US regulation: President Barack Obama wants to remake US financial regulation. The details of his overhaul emerging on Wednesday suggest a genuine effort to plug the worst holes. But much of it is a patchwork of rugged tape, filler and dabs of paint. The oversight system will look better and could work better. But the best chance in decades of a full rebuild has gone begging.
That may to some extent be a political calculation. Obama and Tim Geithner, his Treasury secretary, have a better chance of getting the bigger changes through Congress if they avoid sweeping away the existing crowd of regulators and the influence of the various groups of lawmakers to which today’s watchdogs are beholden.
But the flipside is that while US financial supervision overall may end up looking better suited to today’s interconnected financial markets, the structural underpinnings will still be creaky. Giving the Federal Reserve an over-arching power to watch out for systemic risk across the financial sector makes good sense. By contrast, failing to expend the political capital needed to merge the Securities and Exchange Commission and the Commodity Futures Trading Commission into one regulator of exchanges looks more like postponing a problem.

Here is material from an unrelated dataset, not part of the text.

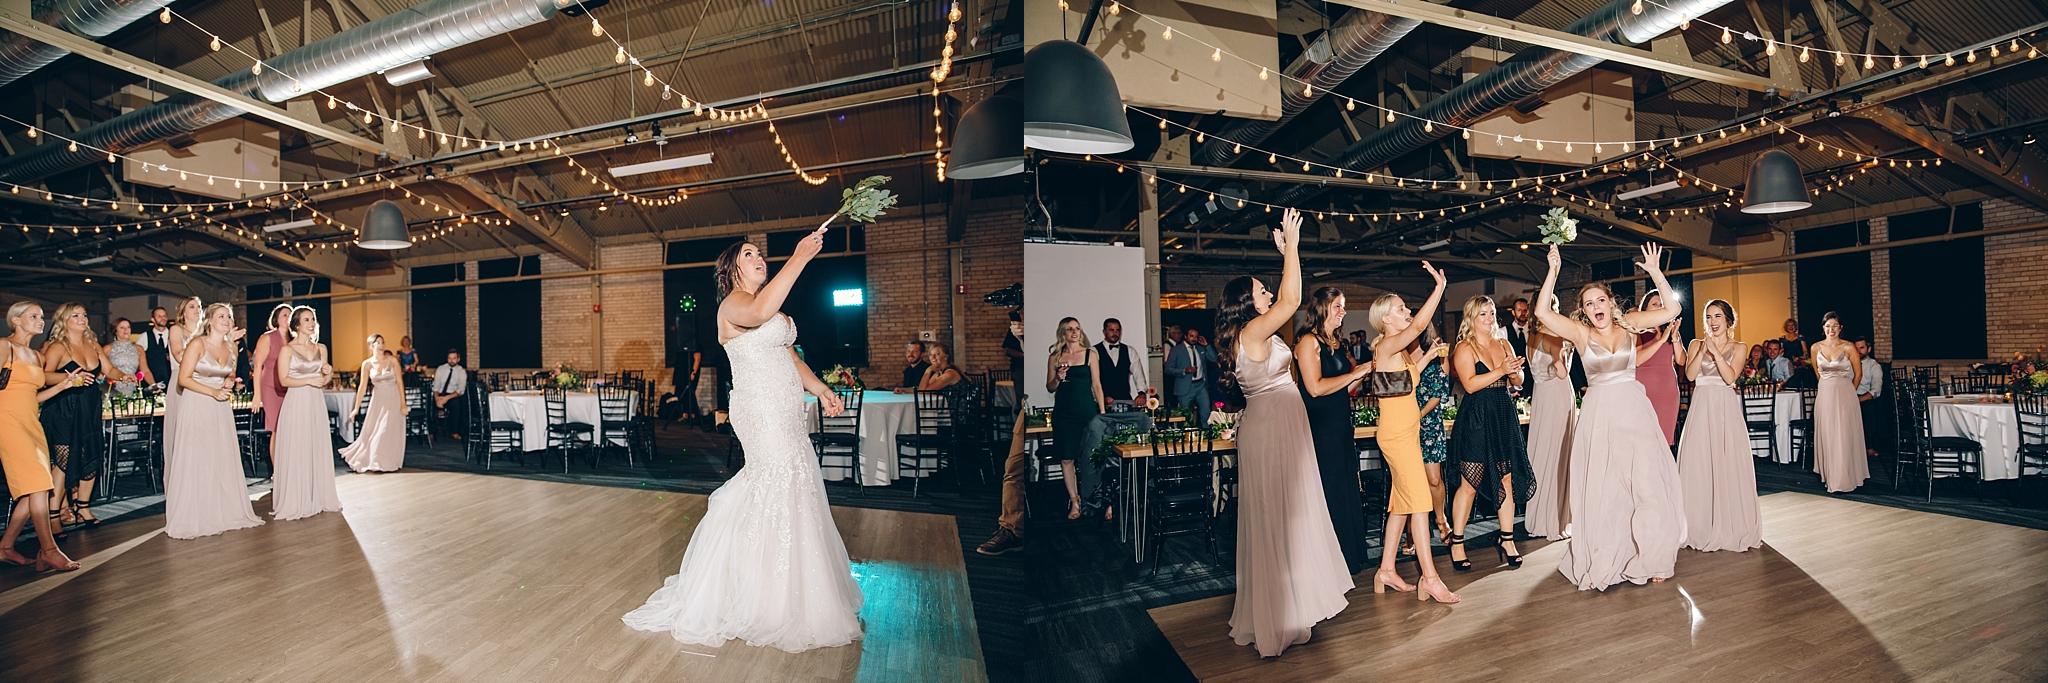 baker-lofts-holland-michigan-wedding-photographer_0412.jpg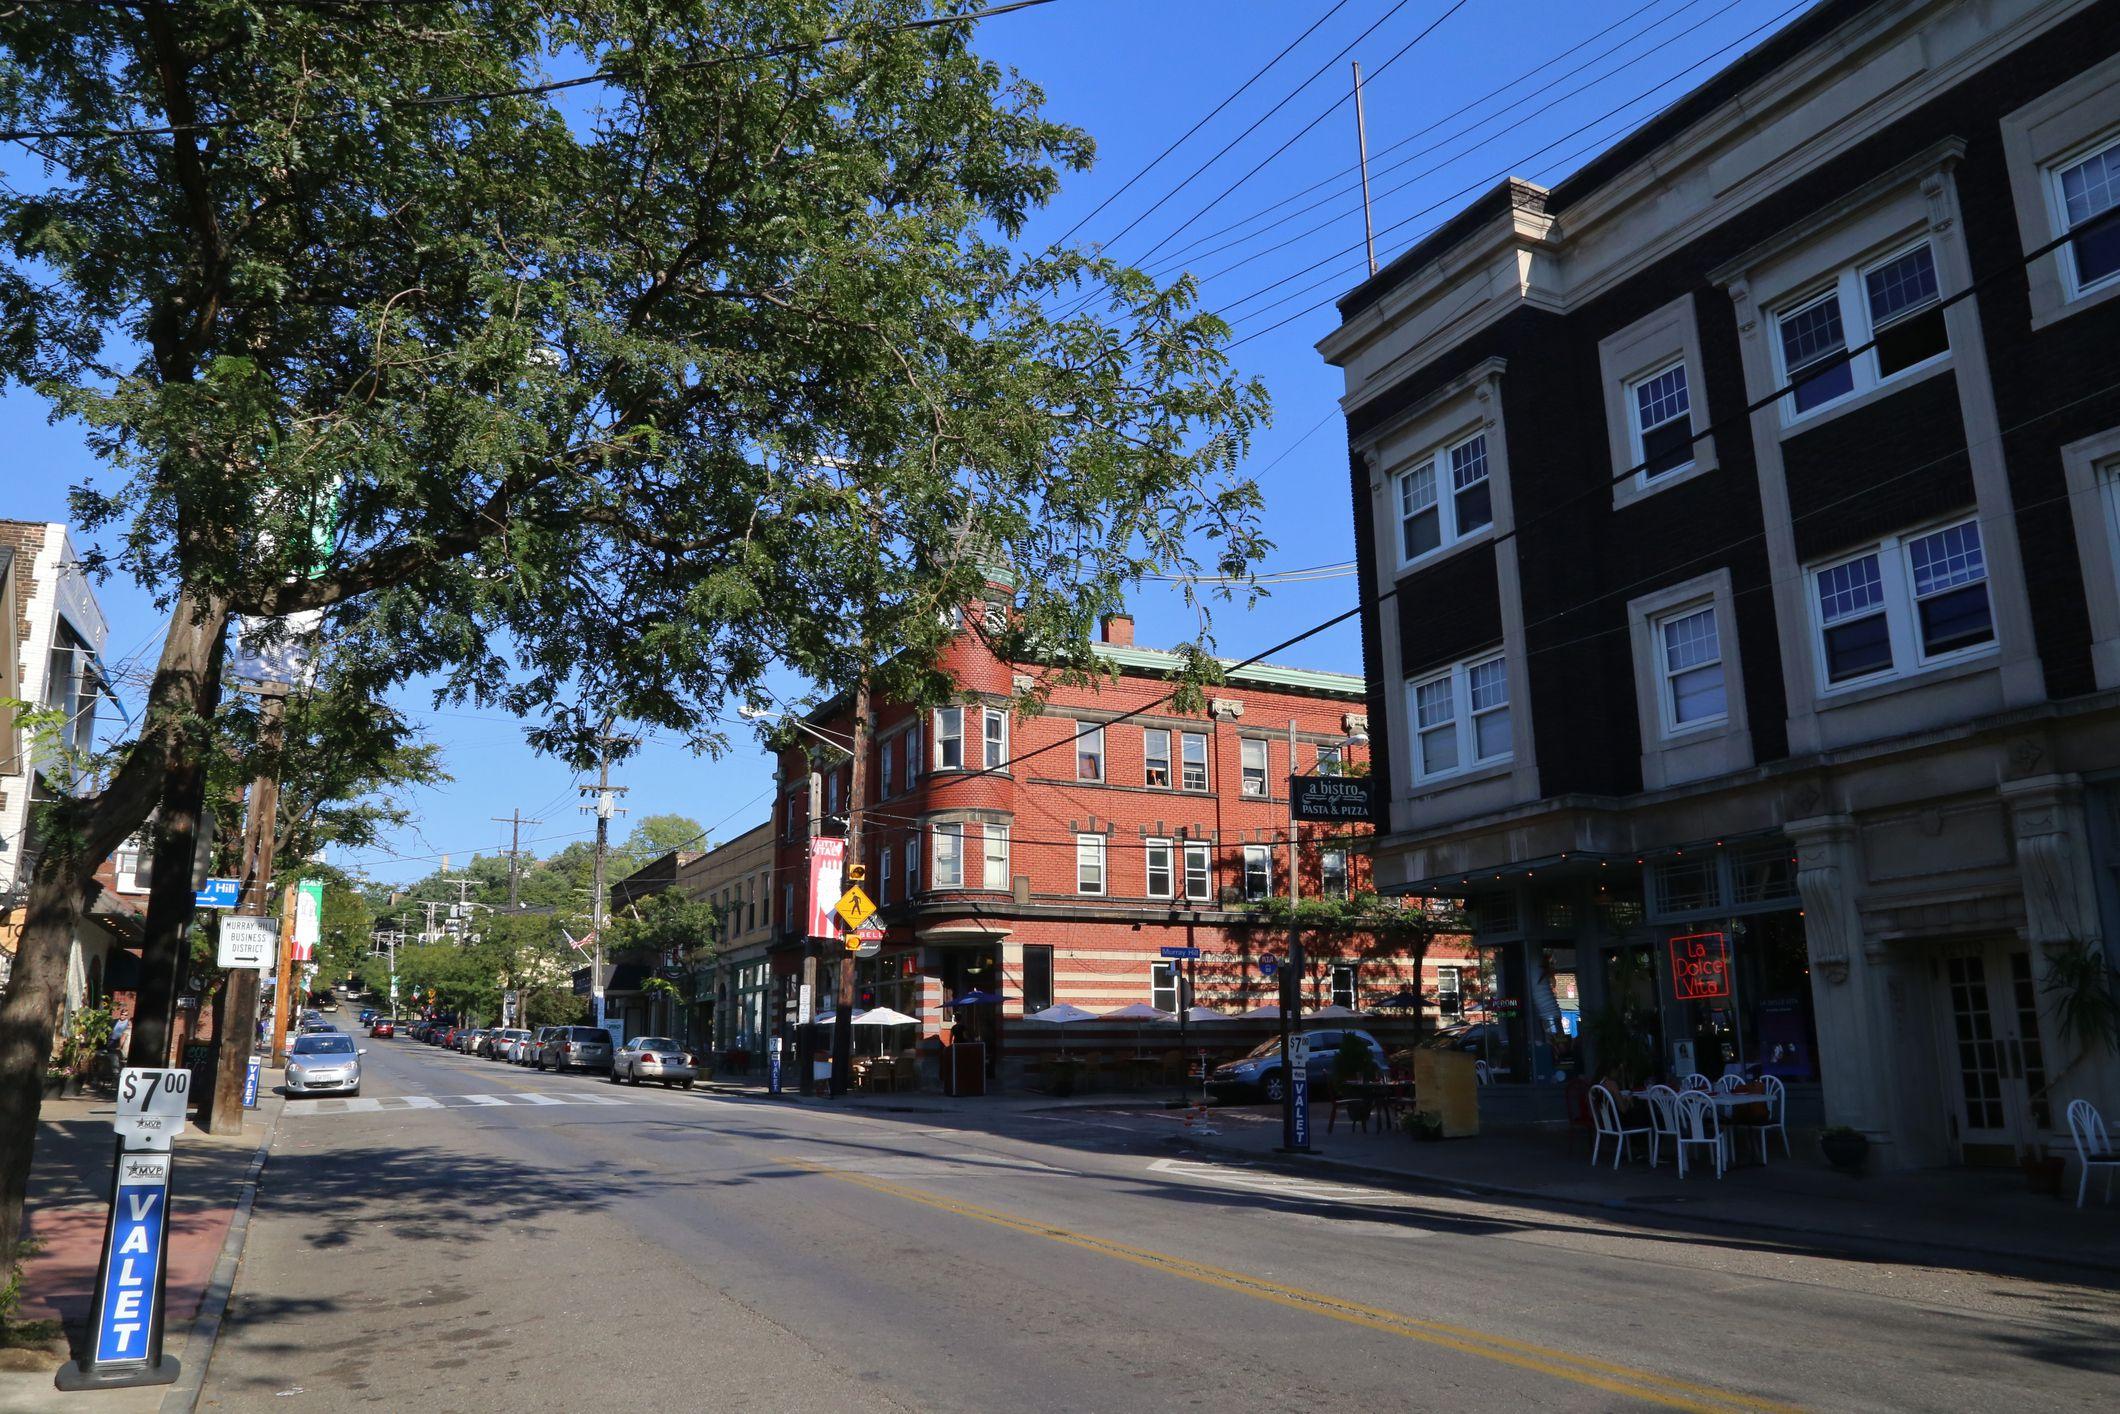 Neighborhoods And Suburbs Of Cleveland

The Fed’s new role is one of the big ideas. Another is the creation of a special tier of too-big-to-fail institutions which will be regulated more tightly than others. The ability to unwind big non-bank firms like American International Group in the way authorities can only now do with banks is another logical element of the plan. Among other things, there’s also a sensibly incremental approach to official scrutiny of hedge funds, and a call for tougher regulation of credit rating firms is appropriately accompanied by a plea that lawmakers and regulators try to reduce their reliance on ratings anyway.
Yet it seems only one regulator will disappear: the Office of Thrift Supervision will be absorbed into a beefed up version of the Office of the Comptroller of the Currency, renamed the National Bank Supervisor. Elsewhere, the population of regulator Pooh-Bahs is only set to increase. There will be a new Financial Services Oversight Council; a new Consumer Financial Protection Agency; and a new national insurance overseer.
It’s how the enlarged team works together that matters, of course. But the aftermath of the recent crisis must have offered the best chance in many years to revamp the structure of the regulatory system to fit its new functions - and perhaps execute them more effectively.